The performance will be exciting, to say the least. The 4.0-litre, twin-turbo AMG V8 engine produces 510PS (503bhp) at 6,000rpm and 625Nm (462lb ft) of torque from 2,000-5,000rpm. 0-62mph will take 4.0 seconds, just 0.4 seconds more than the automatic Vantage, and the top speed will remain the same at 195mph. Removal of the eight-speed ZF ‘box has meant a 95kg weight reduction, too. 

What else does the Vantage AMR offer? Aside from a stonking, shouty V8 soundtrack, the manual ‘box is linked up to a system called AMSHIFT which will mimic heel-and-toe downshifts and allow you to make up-shifts without lifting off the throttle. If you want to remain a heel-and-toe hero, however, you can turn the system off. You also get a specially tuned limited-slip differential, carbon ceramic brakes as standard and adaptive dampers. 

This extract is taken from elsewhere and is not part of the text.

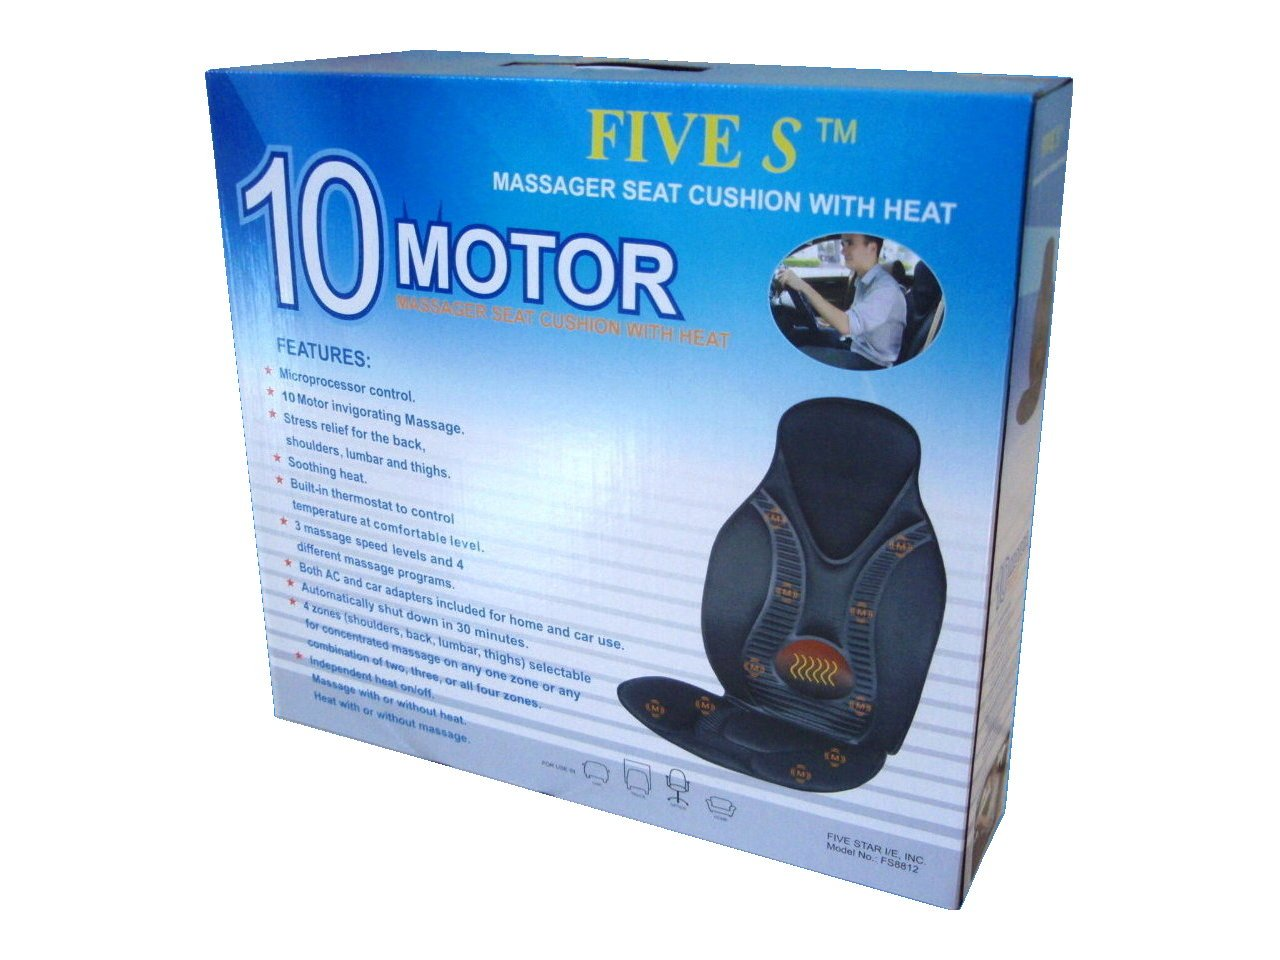 Amazoncom New Five Star FS8812 10 Motor Vibration Massage Seat

Why are we only getting a manual Vantage now, when Aston Martin’s CEO Andy Palmer is a self-confessed manual fan and the old V8 Vantage was launched with a manual? Quite simply, the AMG lump up front was never designed to work with a manual ‘box. Truth be told it wasn’t designed to work with the standard Vantage’s eight-speed ZF, either, as the engine has been used in cars like the Mercedes AMG GT and paired with a seven-speed double-clutch automatic.


Just 200 Vantage AMRs will be built, 141 of which will be available in Sabiro Blue, Onyx Black, China Grey or White Stone. The other 59 cars, however, will celebrate 60 years since Aston Martin won the 1959 Le Mans 24 with the DBR1; ‘Vantage 59’, the trim will be called, featuring a Stirling Green and Lime exterior paint combination and a ‘Dark Knight leather and alcantara’ cabin, finished with a signature AMR lime stripe and interior stitching.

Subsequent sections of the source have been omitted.